Smart cells gain power

Smart cells gain powerCreated some years ago the Smart Battery Standard took off slowly, but all that is changing. Steve Bush finds out what is behind it all
Out on assignment, the battery power indicator of the office laptop is the bane of my life.
In all the times I have used the machine, I have never fathomed the relationship between the indicator and the actual battery charge state. ‘Full’ sometimes means full, but Ihave it die two minutes later, ‘empty’ can mean anything and I once got a full two hours of use from a nominally flat battery.  
 
A few years ago, with this kind of random ‘gas-gauging’ in mind, Duracell, Intel and a few others got together and drew-up the Smart Battery Standard, or SBS.
Behind the SBS are two assumptions: that battery packs have some in-built intelligence, and that the packs are the best source of information about their own status.
By putting intelligence in a battery, information on charge state lives with the battery. Swapping packs never confuses the equipment being powered and a much-cycled pack is able to indicate its remaining capabilities.
SBS defines a two-wire physical interface (remarkably similar to Philips’ I2C bus) and a comprehensive set of standard information-passing messages. These include data on the charge state, chemistry, number of charge-recharge cycles and its age.
While the standard was welcomed, adoption has been somewhat slower than was hoped.
This is partially due to Duracell’s diminished interest. Its idea was to include standard physical dimensions for packs in the SBS, then manufacture packs to those dimensions. The company’s lethargy set in when it became clear that there was little industry interest in standard pack sizes and Duracell shed its smart battery interest a year ago into a company called PowerSmart which now designs SBS-compliant silicon and offers SBS consultancy. Who is interested in SBS?
Analog Devices, Benchmarq, Intel, Linear Technology, Maxim, Micrel, Microchip Mitsubishi, Motorola, National Semiconductor, Philips and Xicor are among the companies in the SBS forum. Most of these companies have SBS capable products or are planning to introduce them.
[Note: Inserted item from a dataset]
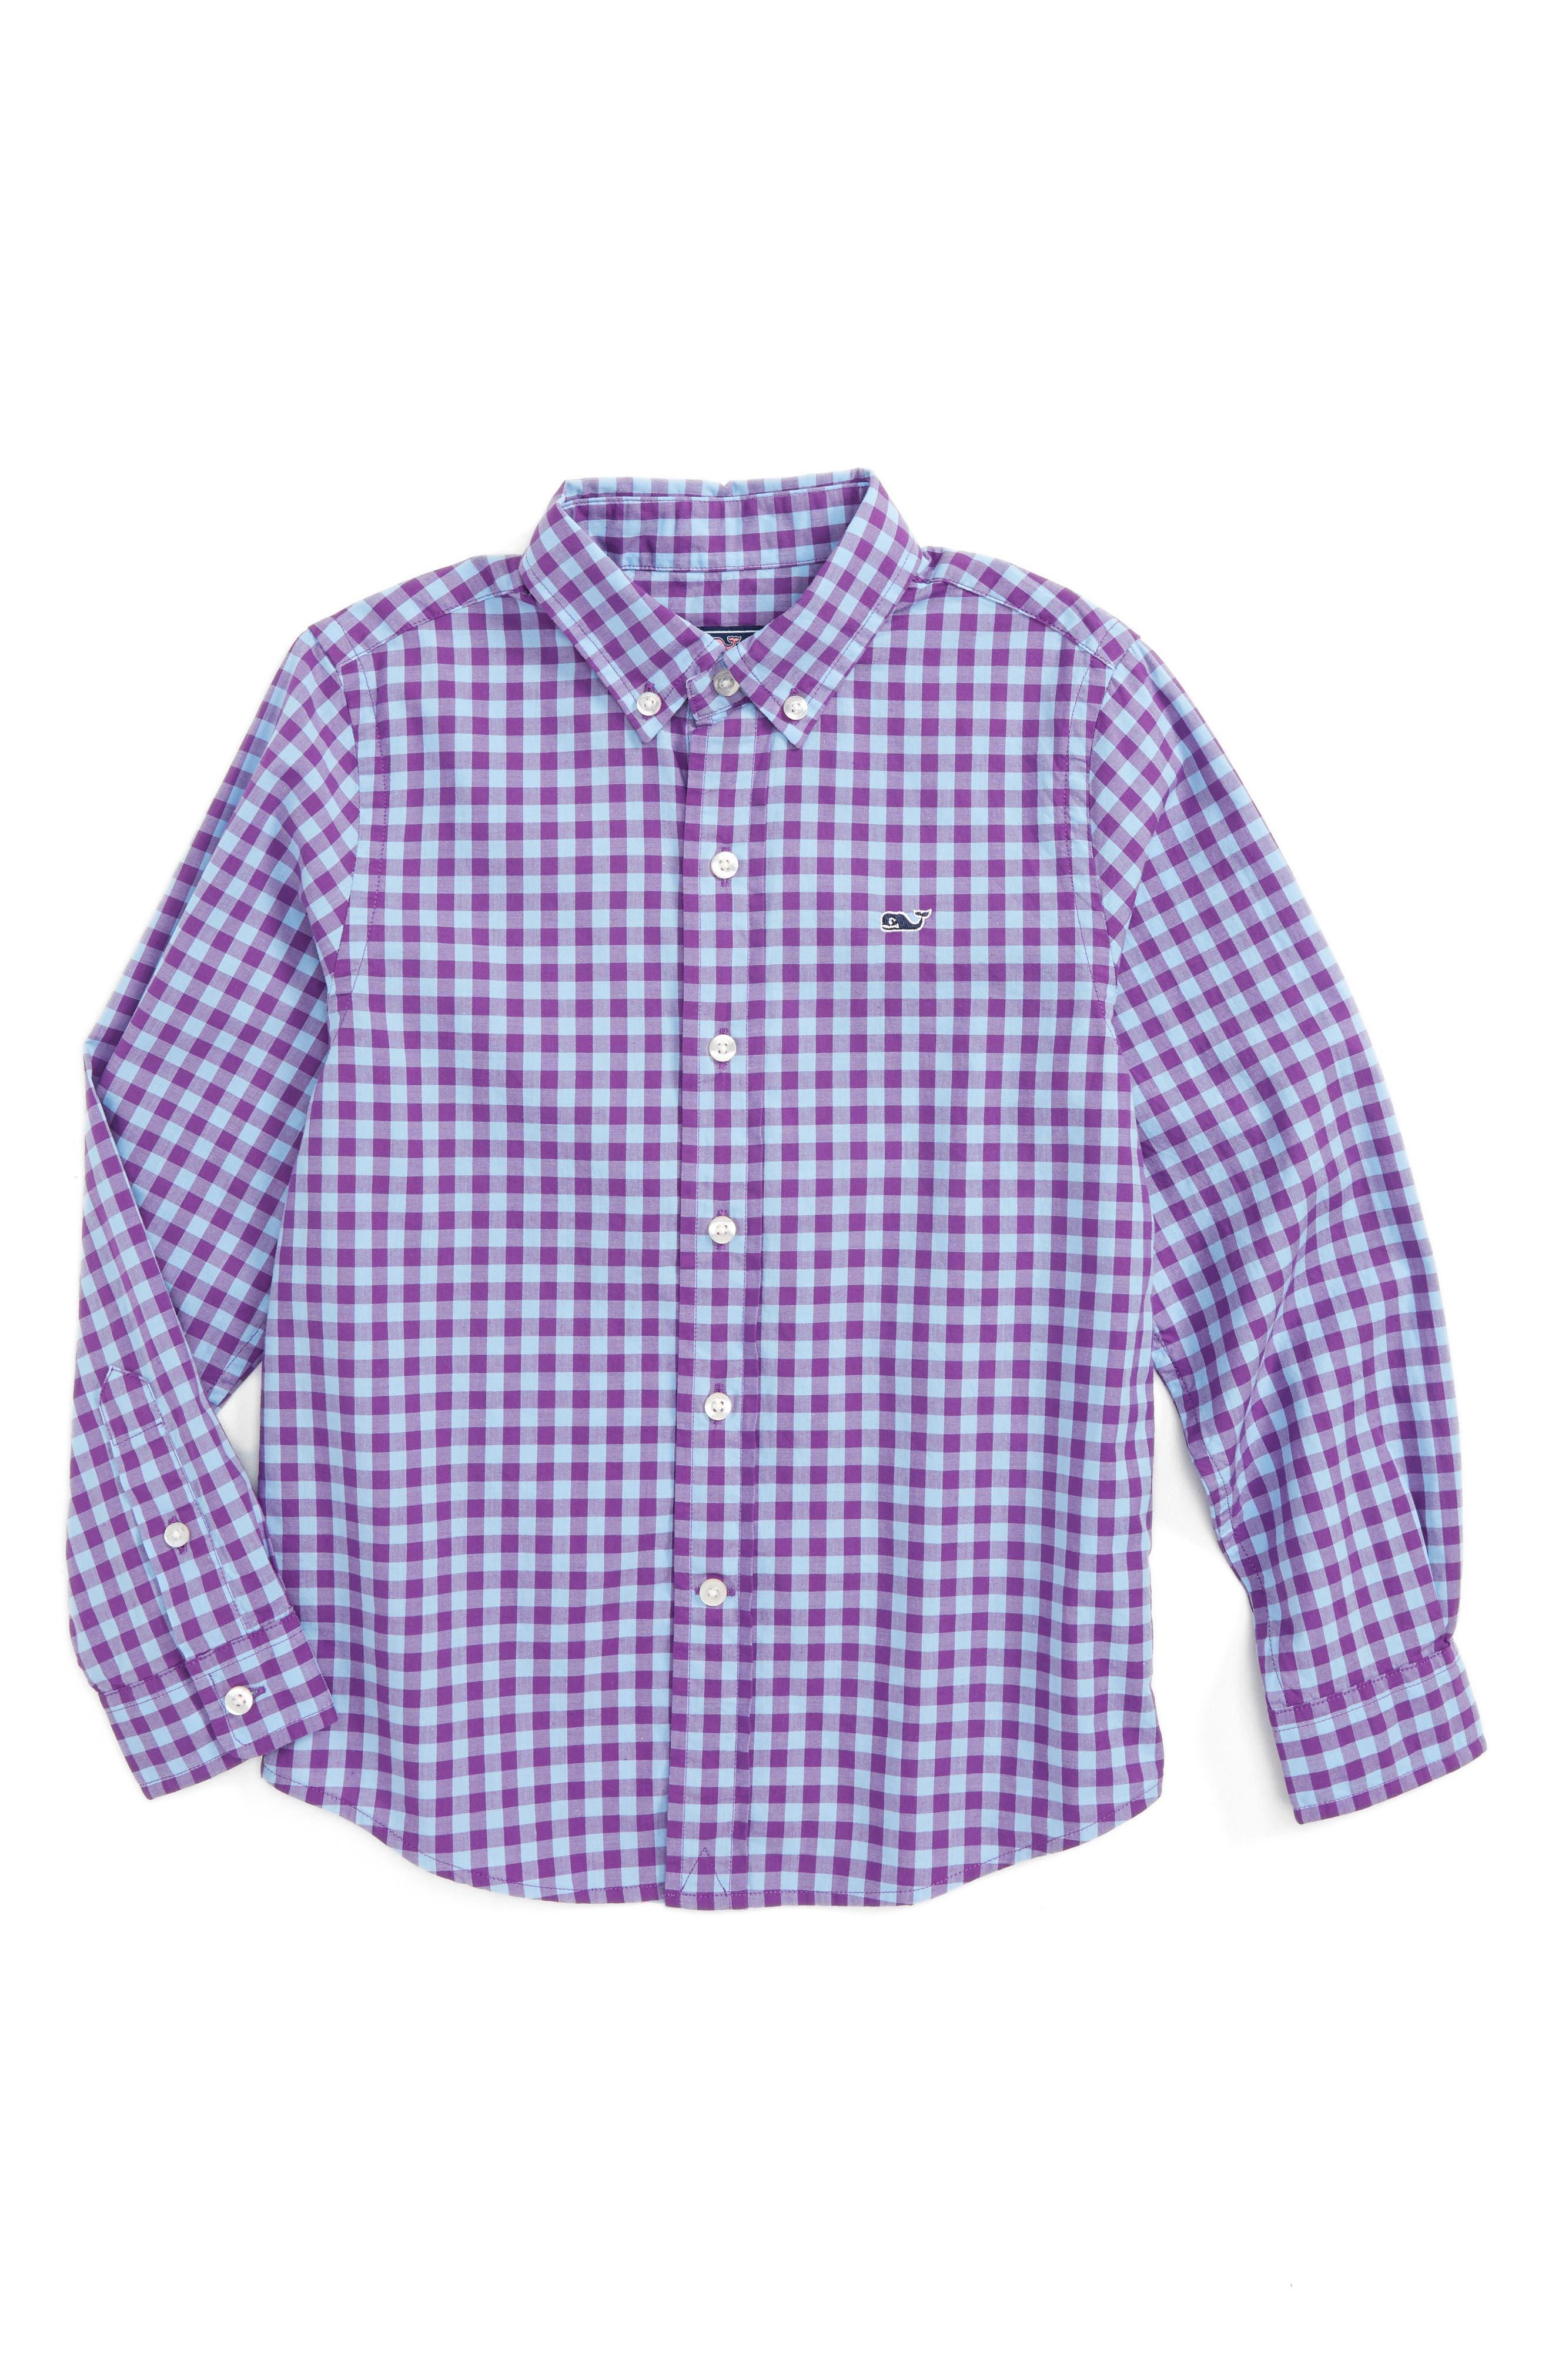 Foggy Quarter Gingham Whale Shirt,                             Main thumbnail 1, color,                             Snapdragon

Linear Technology’s (LTC’s) SBS offerings include a chip to overcome one of the limitations of the SMBus standard. “SMBus has a relatively weak pull-up on the line driver,” said LTC spokesman Ian Scott, ” this means that rise-times are slow if there is a lot of capacitance on the lines.”
LTC’s answer to high capacitance or multiple loads is the LTC1694. This is a dual active pull-up in a five-pin SO-23 package. “It senses the line voltage starting to rise and pulls it up,”said Scott.
Over in the Maxim camp, the MAX1660 is a universal, digitally controlled, battery fuel gauge, monitor and protector, with an SMBus interface, a claimed accuracy of one percent between 60mA and 4A and 4 to 28V operation.
The Smart Battery System Implementers Forum has a conference in Tokyo in March this year  
 
Despite not causing a huge initial impact, SBS has steadily increased it penetration. “Taiwan shipped six million notebooks last year and 50 per cent were SBS compliant. In 1999 it look like it will be 60 or 70 per cent of 7.5 million,”said Lonnie Conklin, PowerSmart’s sales and marketing v-p.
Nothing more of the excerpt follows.